The Company has the right to redeem the notes with restricted cash or any other cash of the Company, at its option, at any time after the earlier of March 31, 2017 or such time as at least $18 million of restricted cash shall have become unrestricted cash under the terms of the Notes.

Roth Capital Partners acted as sole placement agent for the offering.

"This committed financing provides us with the resources to advance our clinical development plan through the end of 2017 while also supporting our commercialization programs in Europe," said Jennifer K. Simpson, Ph.D., MSN, CRNP, President and Chief Executive Office of Delcath. "We are positioned to achieve important clinical inflection points in our FOCUS trial and our global Phase 2 program in HCC and ICC, which we believe represent the fastest path to U.S. FDA approval and ultimately the generation of shareholder value. This financing will be valuable to our efforts to expand global access to our Melphalan/HDS for the benefit of patients suffering with primary and metastatic liver cancers."
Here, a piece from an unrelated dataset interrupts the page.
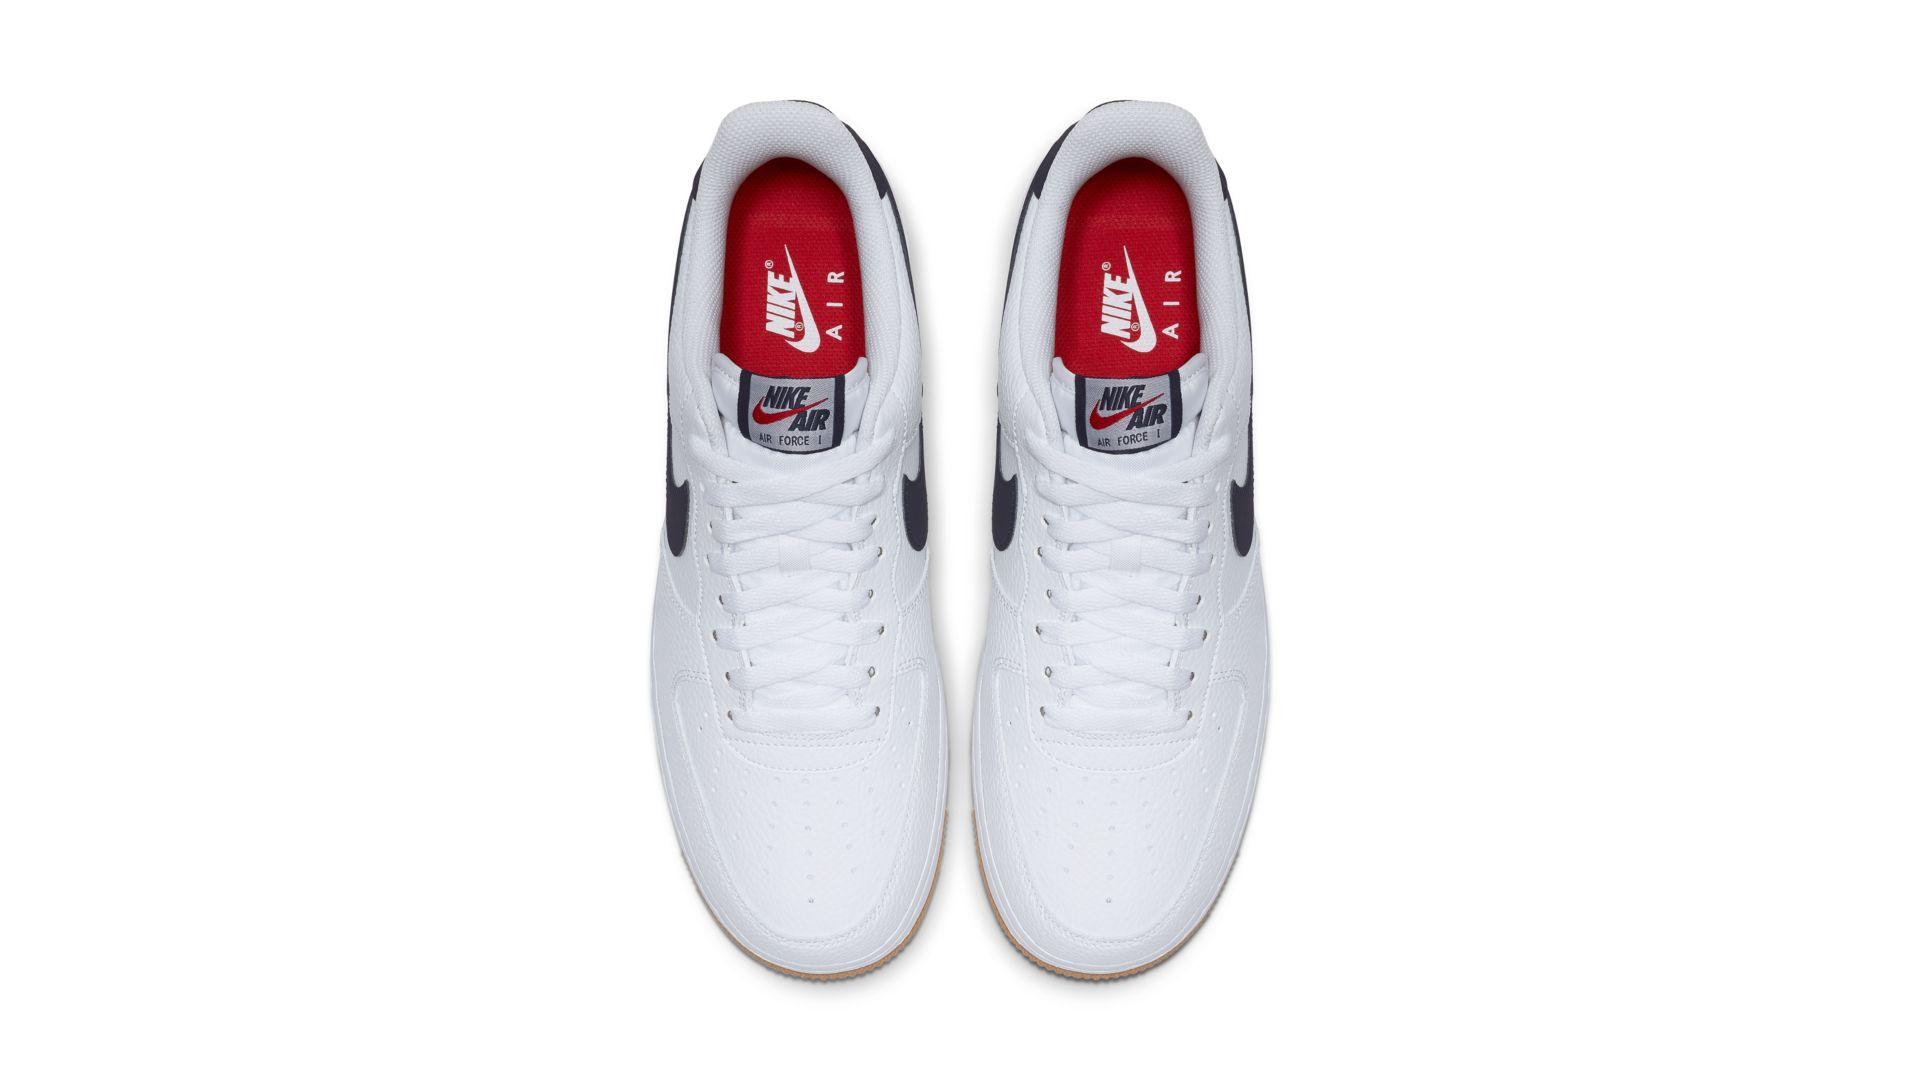 Nike Air Force 1 Low '07 White Obsidian (CI0057-100)

In addition to the Notes, the Company will issue common stock purchase warrants in a quantity equal to 85% of the number of shares of common stock the institutional investor would receive if the Notes were converted in full at the initial Conversion Price on the closing date (without regards to any limitations on conversion set forth therein). The warrants will be initially exercisable one year after their initial issuance date and expire five years thereafter. The warrants will include a one-time, downward-only reset of the warrant exercise price based on the market price on the maturity date, and for 75% of the warrants a corresponding adjustment of the number of warrant shares such that the aggregate exercise price of the warrants remains the same after the reset.

For additional information concerning the details of the financing, please refer to the Form 8-K to be filed by Delcath with the Securities and Exchange Commission.

The Notes, warrants and shares of common stock issuable upon conversion or exercise thereof have not been registered under the Securities Act or any applicable state securities laws and may not be offered or sold absent such registration or pursuant to an available exemption from such registration requirements. This press release does not constitute an offer to sell or the solicitation of an offer to buy any of the securities nor shall there be any sale of any of the securities in any jurisdiction in which such offer, solicitation or sale would be unlawful.